Home/Threat Actor/Cicada3301
Threat Actor

Cicada3301

cicada3301 · unknown_likely_russia_aligned_alphv_lineage · active since 2024-06

Cicada3301 (Truesec canonical code-lineage analysis, June 2024 emergence) is a financially-motivated cybercriminal ransomware operation derived from ALPHV / BlackCat (alphv_blackcat.yaml) code lineage, emerged temporally adjacent to March 2024 ALPHV exit scam following the Change Healthcare incident ($22M USD initial ransom payment followed by ALPHV operational exit without paying attributed affiliate "Notchy")

industry technical analysis (Truesec, Morphisec, Cisco Talos, SentinelOne) documented substantial code overlap with ALPHV encryptor including shared Rust- based encryption architecture, shared command-line argument handling, shared file-targeting logic, and shared multi- threaded parallelization patterns.

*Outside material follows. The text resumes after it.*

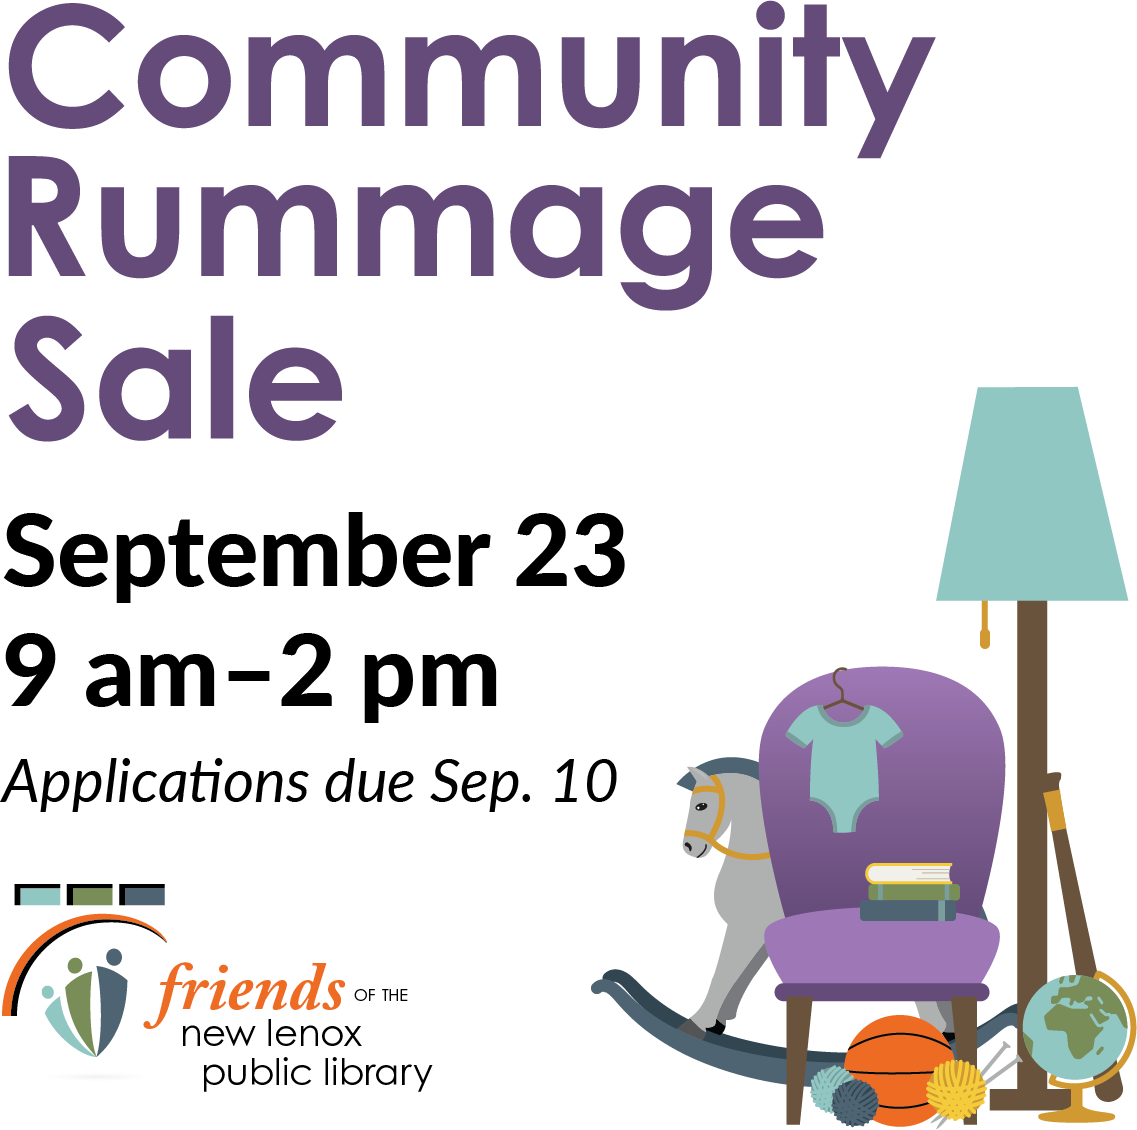 Community Rummage Sale dates with Friends logo and graphics (rocking horse, chair, basketball, lamp and other objects)

operational-relationship between Cicada3301 operators and former ALPHV operators analytically open (former ALPHV core operators continuing under rebrand vs. affiliates with retained code access vs. source-code-acquisition vs. closely-affiliated successor entity)

cross-platform Rust-based encryptor deployment (Windows, Linux, VMware ESXi hypervisor targeting) operationally distinguishing from commodity Phobos and C++/C-based ransomware ecosystem.

standard double-extortion operational model with rclone-mediated Mega.nz exfiltration and leak-site data publication.

positions Cicada3301 within documented ransomware code-genealogy succession patterns (Conti - Black Basta / Royal / BlackSuit.

INC Ransom - Lynx Ransomware.

LockBit Black builder - DragonForce / Brain Cipher)

self-styled Cicada3301 naming references the 2012-2014 internet puzzle phenomenon (operationally rhetorical, no substantive linkage to original puzzle creators).

unknown_likely_russia_aligned_alphv_lineage confidence: high 10 aliases MITRE ATT&CK G0045 ↗

Profile

Cicada3301 (Truesec canonical code-lineage analysis, June 2024 emergence) is a financially-motivated cybercriminal ransomware operation that emerged in approximately June 2024 with operational tooling derived from the ALPHV / BlackCat (alphv_blackcat.yaml) ransomware family code lineage. The operational emergence followed temporally adjacent operational dissolution of ALPHV / BlackCat in March 2024, when ALPHV operators conducted an apparent exit scam following receipt of approximately $22 million USD initial ransom payment from Change Healthcare (a US healthcare data clearinghouse processing approximately 50% of US medical claims), exiting operations without paying the attributed affiliate operator the affiliate share of the payment. The cluster's operational distinctiveness is concentrated in two dimensions: (1) ALPHV / BLACKCAT CODE LINEAGE OPERATIONAL POSITIONING.

Industry technical analysis (Truesec, Morphisec, Cisco Talos, SentinelOne) documented substantial code overlap between Cicada3301 ransomware binaries and ALPHV / BlackCat encryptor code, including shared Rust-based encryption implementation architecture, shared command-line argument handling patterns, shared file-targeting logic, shared parallelization patterns for multi-threaded encryption performance, and shared operational-tradecraft patterns. The Rust-programming-language base of both encryptors is operationally significant for code-lineage analysis, Rust- based ransomware development is operationally distinctive in the ransomware ecosystem and requires specialized development expertise that is not commodity-available. The code-lineage assessment positions Cicada3301 within the documented ransomware code-genealogy evolution pattern similar to the Conti collapse followed by Black Basta / Royal / BlackSuit successors (all separately curated in this corpus), the INC Ransom source-code lineage followed by Lynx Ransomware (curated at lynx_ransomware.yaml), and the LockBit Black builder leak followed by DragonForce and Brain Cipher derivatives (both separately curated).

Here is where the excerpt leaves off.